◆ EXERCISE GOAL
When you copy the material below, keep every line exact and leave each picture out.

◆ DATA EXCERPT
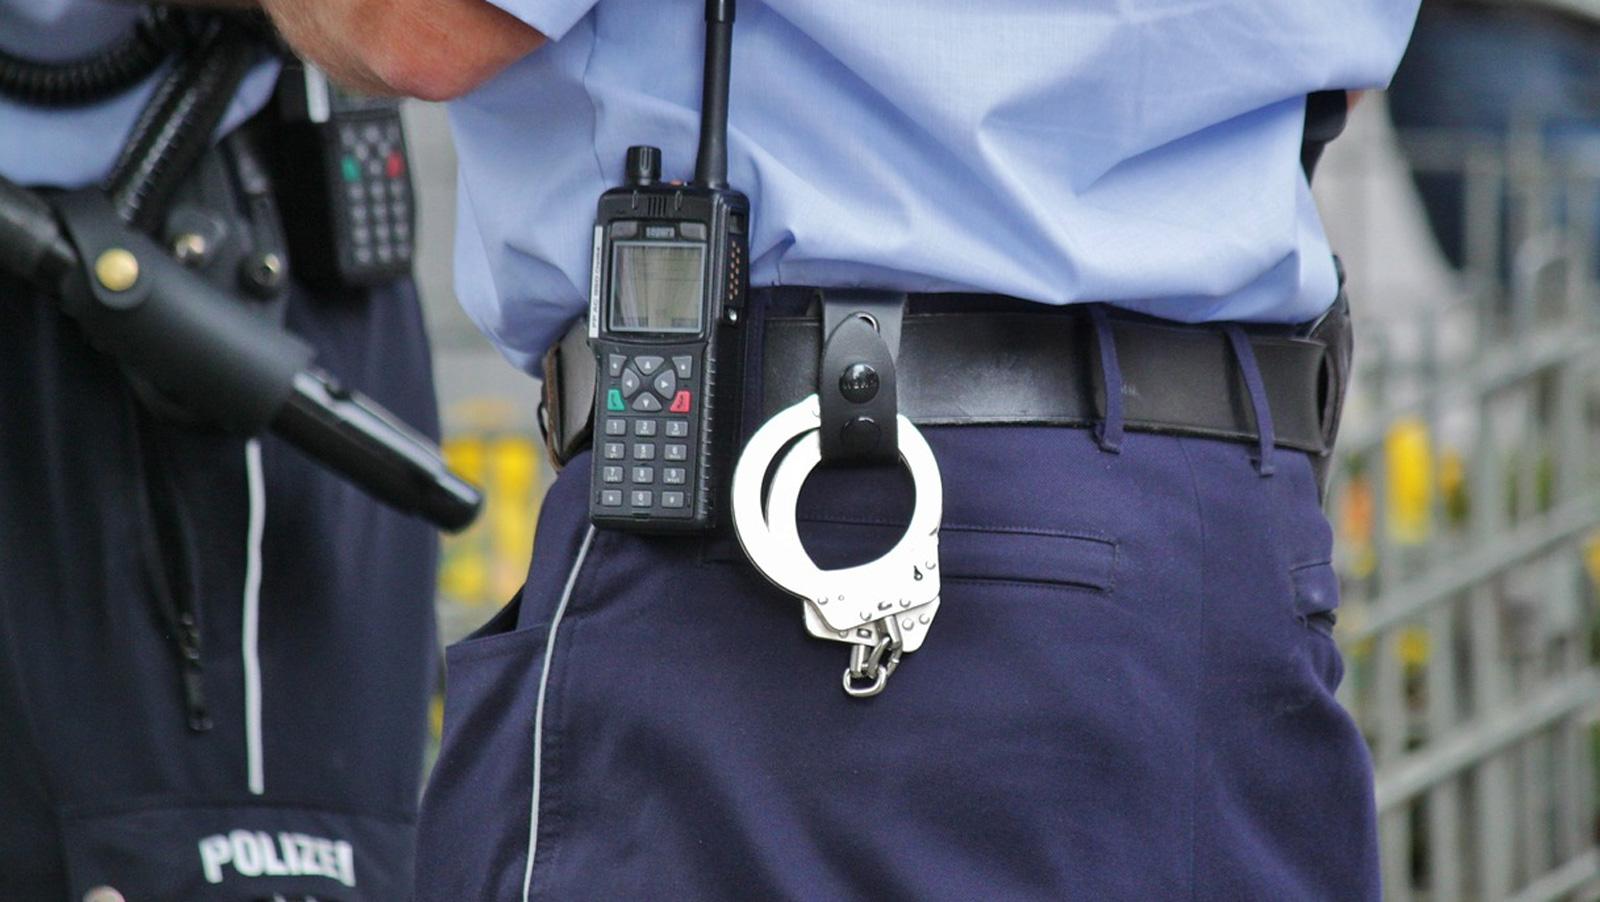 macaus-casino-related-crime-up-14-authorities-get-serious
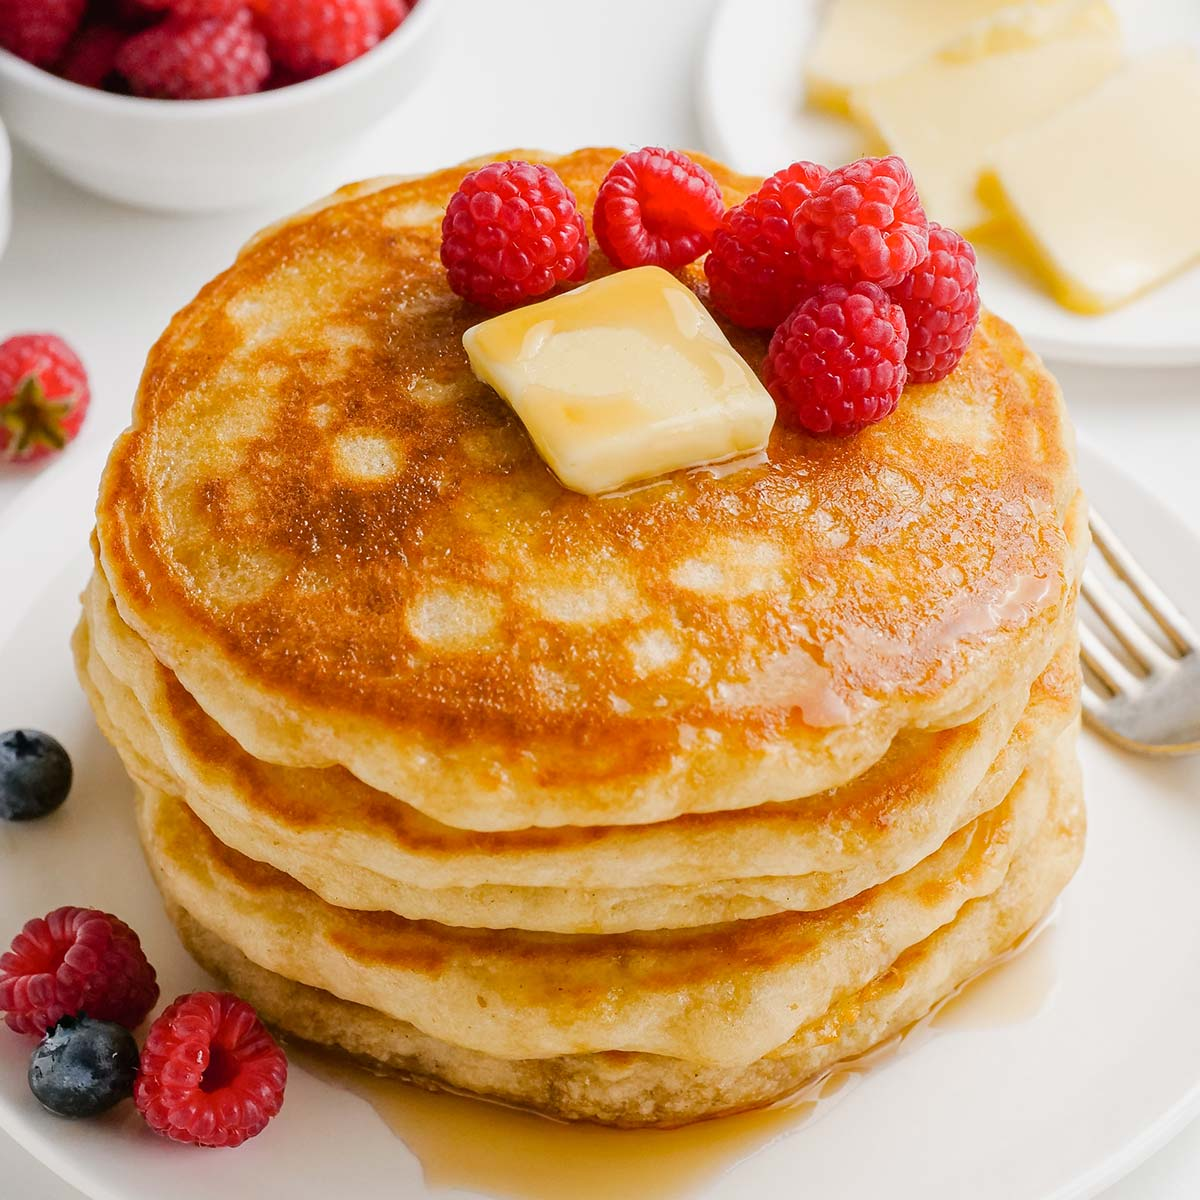 Substitute for Milk in Pancakes
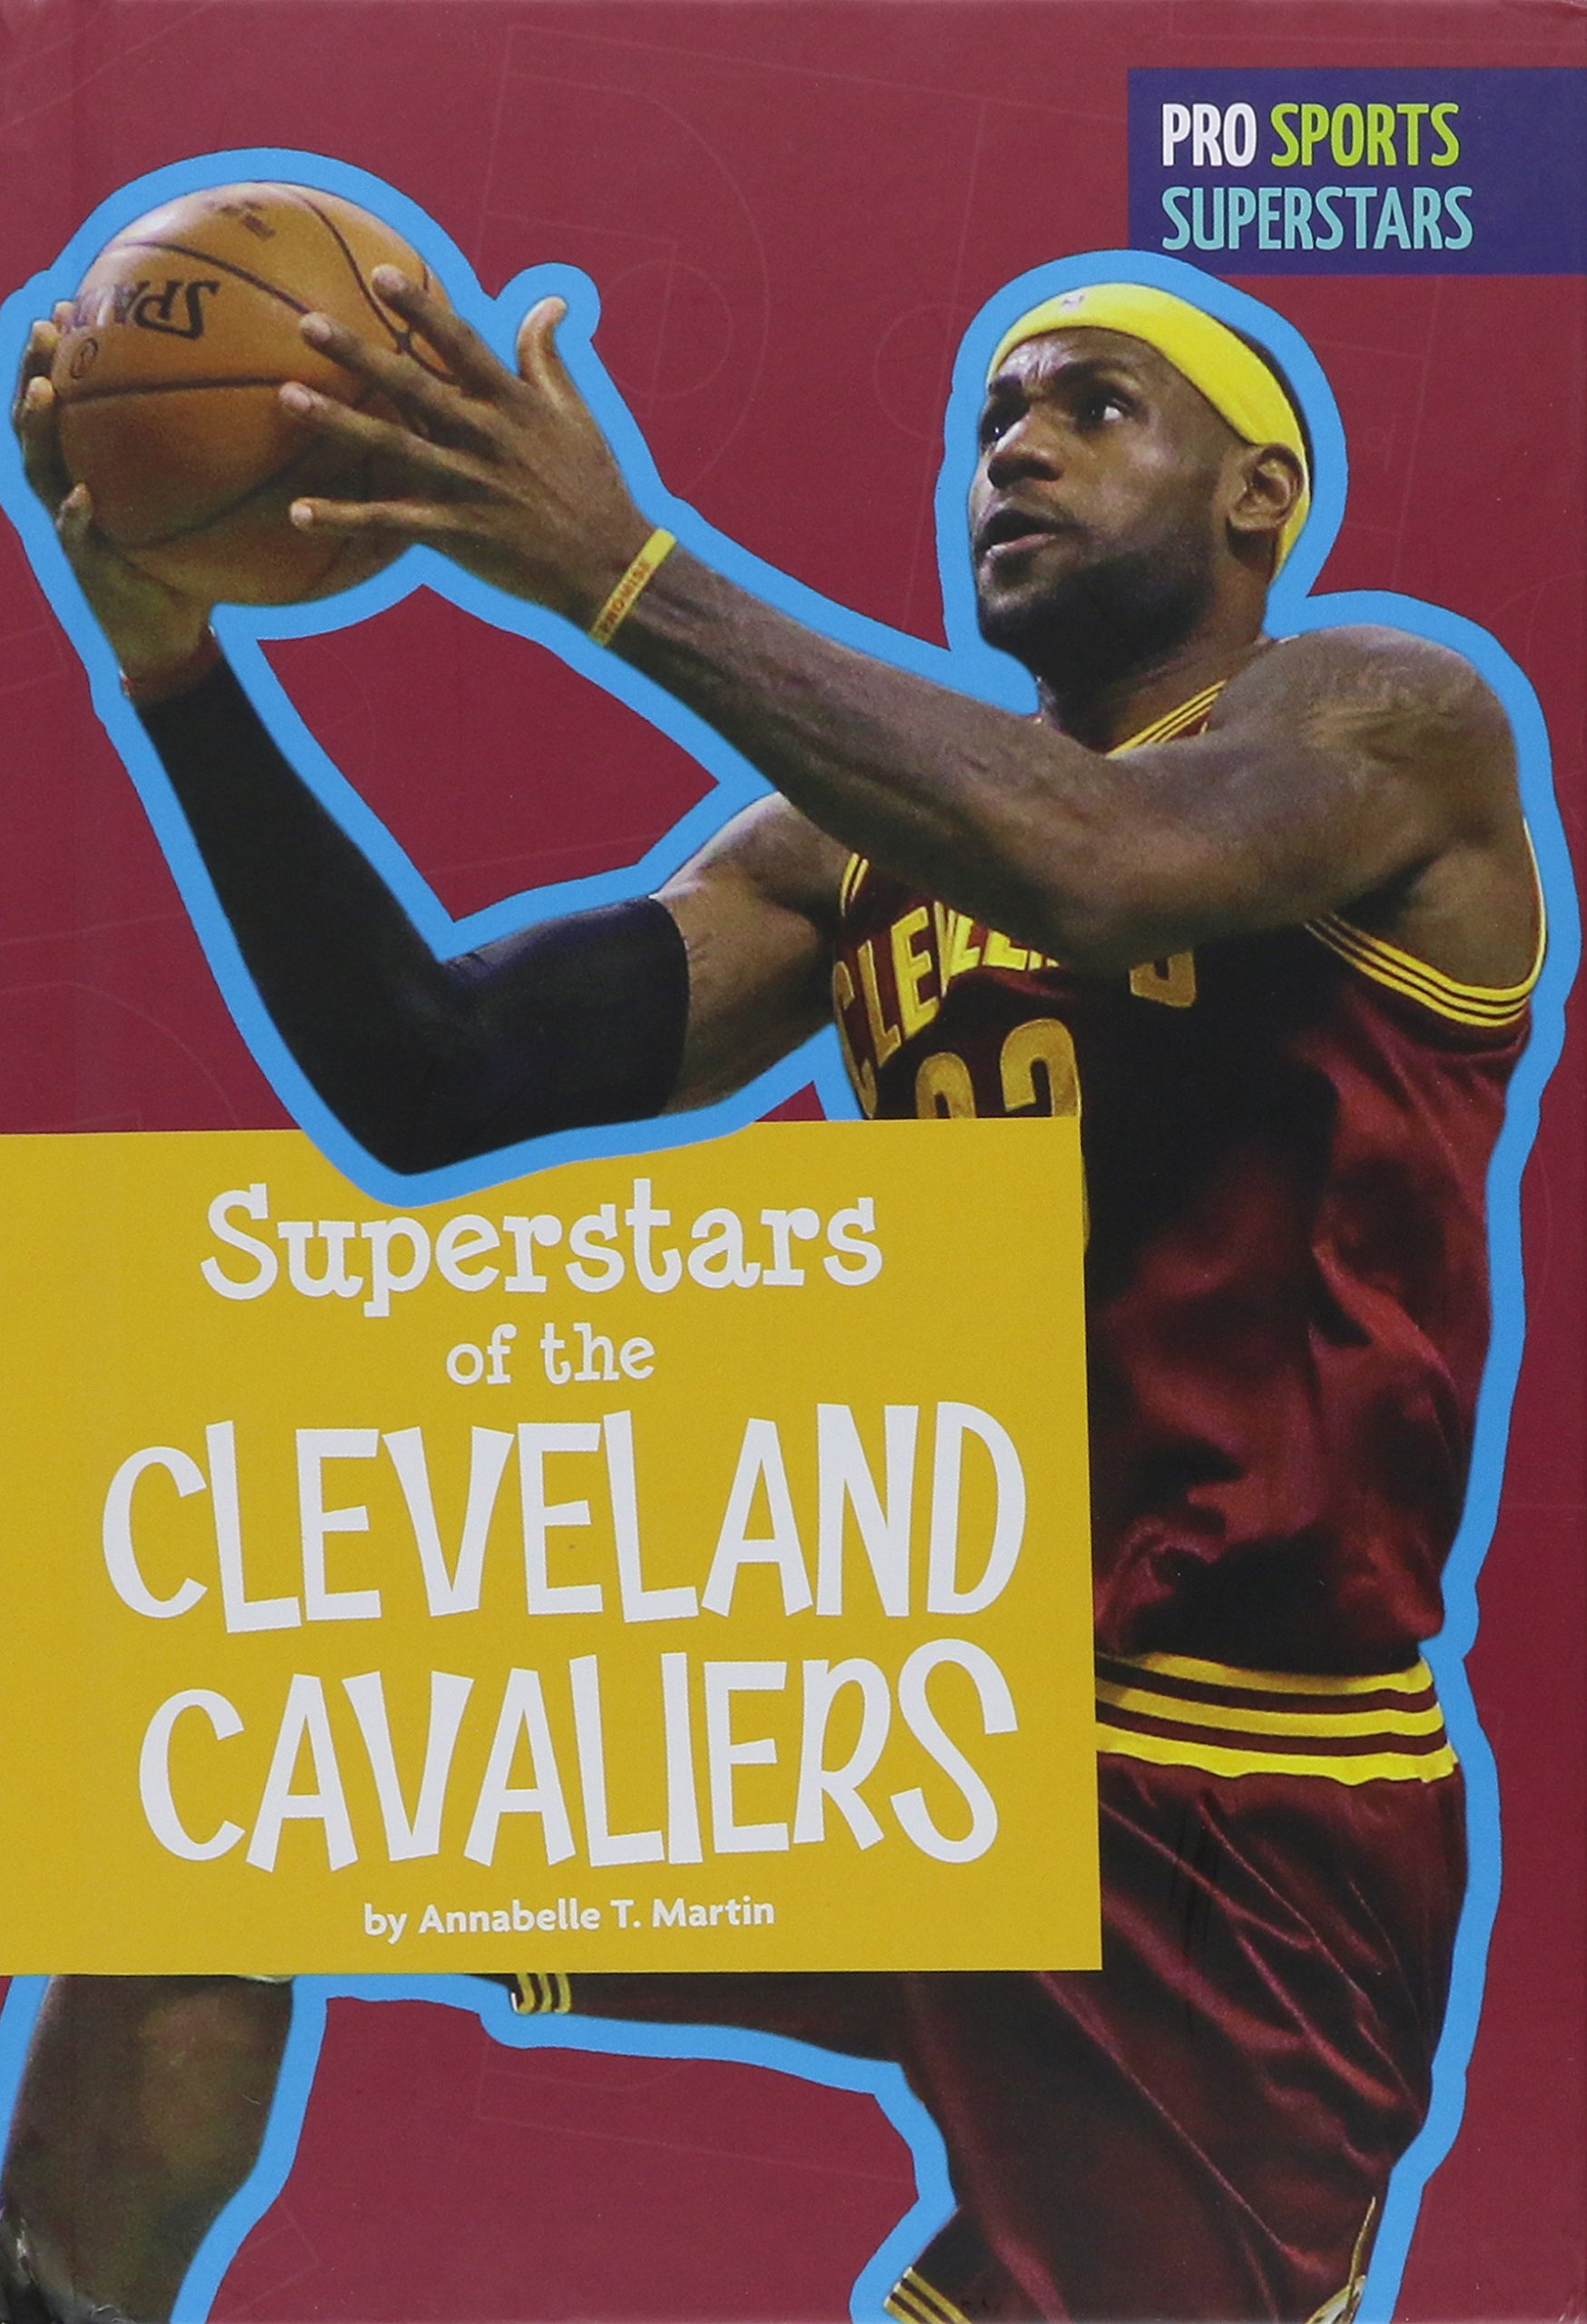 Superstars of the Cleveland Cavaliers (Pro Sports Superstars: NBA)
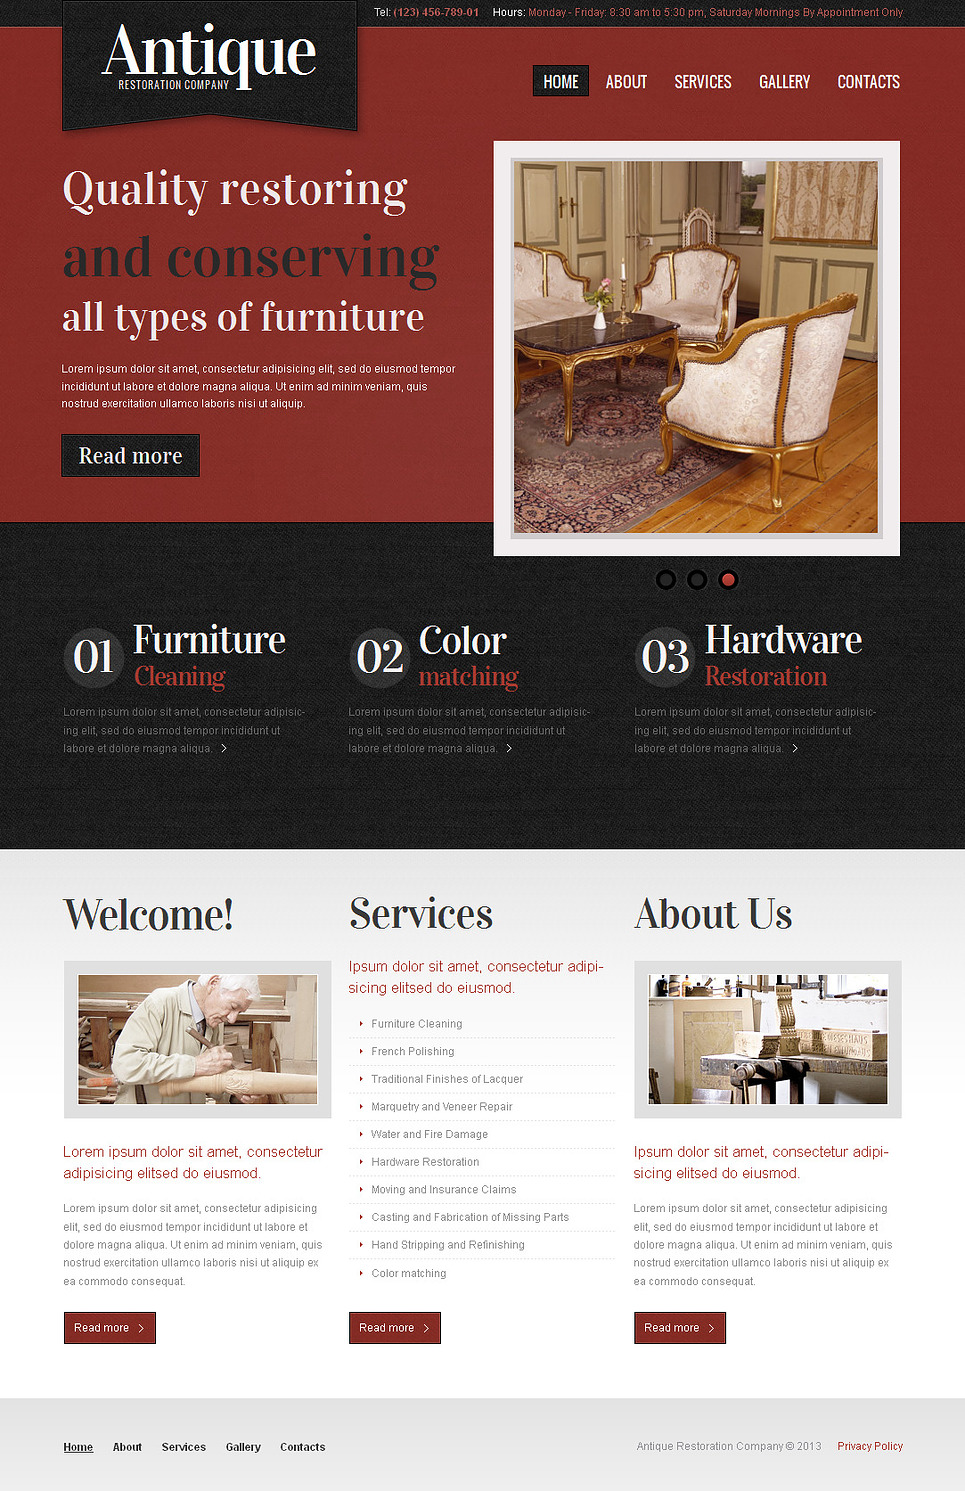 Antique Website Template for Restoration Company - image

◆ TASK RESPONSE
 macaus-casino-related-crime-up-14-authorities-get-serious
 Substitute for Milk in Pancakes
 Superstars of the Cleveland Cavaliers (Pro Sports Superstars: NBA)
 Antique Website Template for Restoration Company - image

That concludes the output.